Locate each line of the material that contains "PANTONE", then return it.
::::::::::
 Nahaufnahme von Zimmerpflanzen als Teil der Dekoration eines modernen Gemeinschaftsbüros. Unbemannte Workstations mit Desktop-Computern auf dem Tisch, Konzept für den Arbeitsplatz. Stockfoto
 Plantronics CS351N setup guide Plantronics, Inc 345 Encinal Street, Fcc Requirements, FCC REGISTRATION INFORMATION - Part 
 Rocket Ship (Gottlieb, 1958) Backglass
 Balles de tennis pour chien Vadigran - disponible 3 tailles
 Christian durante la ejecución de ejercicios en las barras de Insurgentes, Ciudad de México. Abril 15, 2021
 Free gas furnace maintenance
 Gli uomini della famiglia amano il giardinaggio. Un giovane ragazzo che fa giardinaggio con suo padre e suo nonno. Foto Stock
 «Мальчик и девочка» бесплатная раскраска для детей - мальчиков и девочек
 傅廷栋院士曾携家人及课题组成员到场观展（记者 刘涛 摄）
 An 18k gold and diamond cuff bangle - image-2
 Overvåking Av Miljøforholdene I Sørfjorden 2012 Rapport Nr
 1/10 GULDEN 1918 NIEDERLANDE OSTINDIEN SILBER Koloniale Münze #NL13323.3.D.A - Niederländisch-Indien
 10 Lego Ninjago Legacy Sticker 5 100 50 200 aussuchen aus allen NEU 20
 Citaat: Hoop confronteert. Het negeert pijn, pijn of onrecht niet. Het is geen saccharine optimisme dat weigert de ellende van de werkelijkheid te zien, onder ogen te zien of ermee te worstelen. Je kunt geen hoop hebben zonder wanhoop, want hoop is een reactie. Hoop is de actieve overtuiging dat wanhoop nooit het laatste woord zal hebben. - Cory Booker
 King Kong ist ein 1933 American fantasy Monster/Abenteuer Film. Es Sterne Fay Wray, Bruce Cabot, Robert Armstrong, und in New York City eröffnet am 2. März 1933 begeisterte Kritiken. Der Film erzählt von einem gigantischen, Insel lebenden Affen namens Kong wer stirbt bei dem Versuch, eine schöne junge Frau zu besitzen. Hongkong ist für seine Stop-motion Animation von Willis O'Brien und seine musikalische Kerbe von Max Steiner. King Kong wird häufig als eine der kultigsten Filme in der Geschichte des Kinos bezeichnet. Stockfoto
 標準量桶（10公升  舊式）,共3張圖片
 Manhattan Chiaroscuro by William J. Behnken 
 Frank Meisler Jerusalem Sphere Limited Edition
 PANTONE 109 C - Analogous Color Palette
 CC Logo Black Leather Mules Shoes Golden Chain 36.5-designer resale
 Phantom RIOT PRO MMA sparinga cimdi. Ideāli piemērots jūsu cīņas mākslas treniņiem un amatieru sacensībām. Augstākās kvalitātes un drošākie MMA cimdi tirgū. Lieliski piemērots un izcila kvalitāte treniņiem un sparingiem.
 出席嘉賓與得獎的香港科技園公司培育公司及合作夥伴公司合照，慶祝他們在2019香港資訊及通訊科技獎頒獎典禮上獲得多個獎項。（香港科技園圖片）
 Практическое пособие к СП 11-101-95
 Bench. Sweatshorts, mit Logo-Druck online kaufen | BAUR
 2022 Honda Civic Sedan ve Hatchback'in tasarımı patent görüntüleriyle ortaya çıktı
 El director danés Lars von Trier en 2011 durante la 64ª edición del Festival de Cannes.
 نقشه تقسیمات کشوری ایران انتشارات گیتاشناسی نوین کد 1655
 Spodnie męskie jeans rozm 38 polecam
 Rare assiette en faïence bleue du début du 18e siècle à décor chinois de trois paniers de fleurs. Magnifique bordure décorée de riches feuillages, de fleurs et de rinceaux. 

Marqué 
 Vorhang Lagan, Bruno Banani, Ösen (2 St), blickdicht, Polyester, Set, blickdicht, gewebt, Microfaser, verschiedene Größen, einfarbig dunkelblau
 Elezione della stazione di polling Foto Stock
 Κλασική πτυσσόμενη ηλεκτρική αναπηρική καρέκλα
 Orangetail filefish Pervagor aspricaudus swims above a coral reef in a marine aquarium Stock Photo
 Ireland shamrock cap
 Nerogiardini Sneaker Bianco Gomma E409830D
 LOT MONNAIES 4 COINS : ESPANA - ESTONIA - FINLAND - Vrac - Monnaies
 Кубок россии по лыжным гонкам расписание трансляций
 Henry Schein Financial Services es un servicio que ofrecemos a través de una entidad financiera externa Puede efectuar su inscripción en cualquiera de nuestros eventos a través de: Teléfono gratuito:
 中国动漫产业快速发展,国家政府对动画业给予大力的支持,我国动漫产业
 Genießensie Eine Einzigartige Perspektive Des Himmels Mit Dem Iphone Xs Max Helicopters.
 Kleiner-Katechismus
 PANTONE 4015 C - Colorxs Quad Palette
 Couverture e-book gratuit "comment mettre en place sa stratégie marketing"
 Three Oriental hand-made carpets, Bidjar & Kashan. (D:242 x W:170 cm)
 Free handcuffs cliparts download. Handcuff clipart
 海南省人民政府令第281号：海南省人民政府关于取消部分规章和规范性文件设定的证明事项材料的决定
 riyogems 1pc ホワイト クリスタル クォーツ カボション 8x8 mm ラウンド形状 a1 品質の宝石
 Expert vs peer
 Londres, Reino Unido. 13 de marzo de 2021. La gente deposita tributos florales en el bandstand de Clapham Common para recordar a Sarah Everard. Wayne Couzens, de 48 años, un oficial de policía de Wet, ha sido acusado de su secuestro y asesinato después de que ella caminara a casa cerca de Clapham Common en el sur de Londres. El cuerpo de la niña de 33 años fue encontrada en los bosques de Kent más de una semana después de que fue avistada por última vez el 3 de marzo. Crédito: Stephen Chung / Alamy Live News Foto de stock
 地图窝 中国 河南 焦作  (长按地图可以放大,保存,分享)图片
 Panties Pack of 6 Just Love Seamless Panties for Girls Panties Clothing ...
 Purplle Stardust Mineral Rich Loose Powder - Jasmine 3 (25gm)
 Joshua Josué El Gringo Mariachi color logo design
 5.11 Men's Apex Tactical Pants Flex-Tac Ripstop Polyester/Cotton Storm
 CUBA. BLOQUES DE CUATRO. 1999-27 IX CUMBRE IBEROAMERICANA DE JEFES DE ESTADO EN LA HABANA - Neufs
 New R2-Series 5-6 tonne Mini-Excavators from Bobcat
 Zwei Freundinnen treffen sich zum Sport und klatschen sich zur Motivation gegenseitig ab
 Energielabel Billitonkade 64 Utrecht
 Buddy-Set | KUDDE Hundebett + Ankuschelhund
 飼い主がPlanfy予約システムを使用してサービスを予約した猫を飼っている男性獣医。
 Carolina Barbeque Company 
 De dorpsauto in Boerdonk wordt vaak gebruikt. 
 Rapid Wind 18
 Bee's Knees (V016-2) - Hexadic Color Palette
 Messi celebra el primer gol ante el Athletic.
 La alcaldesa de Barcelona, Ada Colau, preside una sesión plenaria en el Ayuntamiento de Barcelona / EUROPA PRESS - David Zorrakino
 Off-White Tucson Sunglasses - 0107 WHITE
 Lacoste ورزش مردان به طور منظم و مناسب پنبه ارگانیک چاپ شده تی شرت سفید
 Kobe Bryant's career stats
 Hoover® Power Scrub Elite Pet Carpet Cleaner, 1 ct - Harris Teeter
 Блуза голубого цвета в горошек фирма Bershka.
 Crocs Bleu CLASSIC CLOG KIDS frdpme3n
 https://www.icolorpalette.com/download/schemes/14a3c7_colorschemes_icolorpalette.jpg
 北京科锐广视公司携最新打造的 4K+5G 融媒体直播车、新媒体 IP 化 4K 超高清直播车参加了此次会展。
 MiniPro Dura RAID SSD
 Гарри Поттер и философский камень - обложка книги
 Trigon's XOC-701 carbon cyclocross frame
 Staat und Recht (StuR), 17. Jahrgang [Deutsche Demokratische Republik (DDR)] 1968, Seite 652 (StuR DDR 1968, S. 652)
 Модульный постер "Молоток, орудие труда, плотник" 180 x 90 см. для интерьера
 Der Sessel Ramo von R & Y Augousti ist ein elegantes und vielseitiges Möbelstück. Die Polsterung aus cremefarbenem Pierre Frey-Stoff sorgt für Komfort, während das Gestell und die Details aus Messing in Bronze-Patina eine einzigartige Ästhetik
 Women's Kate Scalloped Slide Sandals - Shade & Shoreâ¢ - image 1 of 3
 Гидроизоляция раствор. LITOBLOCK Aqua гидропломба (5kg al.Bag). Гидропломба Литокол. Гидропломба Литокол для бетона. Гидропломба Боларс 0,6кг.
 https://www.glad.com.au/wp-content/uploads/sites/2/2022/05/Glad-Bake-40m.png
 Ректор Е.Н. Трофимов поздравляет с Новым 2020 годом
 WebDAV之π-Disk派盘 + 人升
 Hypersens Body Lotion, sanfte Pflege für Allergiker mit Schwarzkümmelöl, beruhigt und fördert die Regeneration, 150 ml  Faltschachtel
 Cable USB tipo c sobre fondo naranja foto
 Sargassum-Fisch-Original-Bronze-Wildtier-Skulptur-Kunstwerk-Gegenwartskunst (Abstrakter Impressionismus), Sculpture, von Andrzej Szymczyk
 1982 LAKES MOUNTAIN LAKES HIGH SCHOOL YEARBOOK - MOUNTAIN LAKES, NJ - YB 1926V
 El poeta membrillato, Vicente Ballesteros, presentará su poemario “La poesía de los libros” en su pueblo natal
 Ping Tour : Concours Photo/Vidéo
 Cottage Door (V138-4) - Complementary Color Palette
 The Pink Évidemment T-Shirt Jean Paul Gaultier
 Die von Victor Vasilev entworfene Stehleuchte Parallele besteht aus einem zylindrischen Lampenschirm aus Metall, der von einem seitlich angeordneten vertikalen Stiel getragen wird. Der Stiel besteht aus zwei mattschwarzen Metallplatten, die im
::::::::::
Answer for the task>
 PANTONE 109 C - Analogous Color Palette
 PANTONE 4015 C - Colorxs Quad Palette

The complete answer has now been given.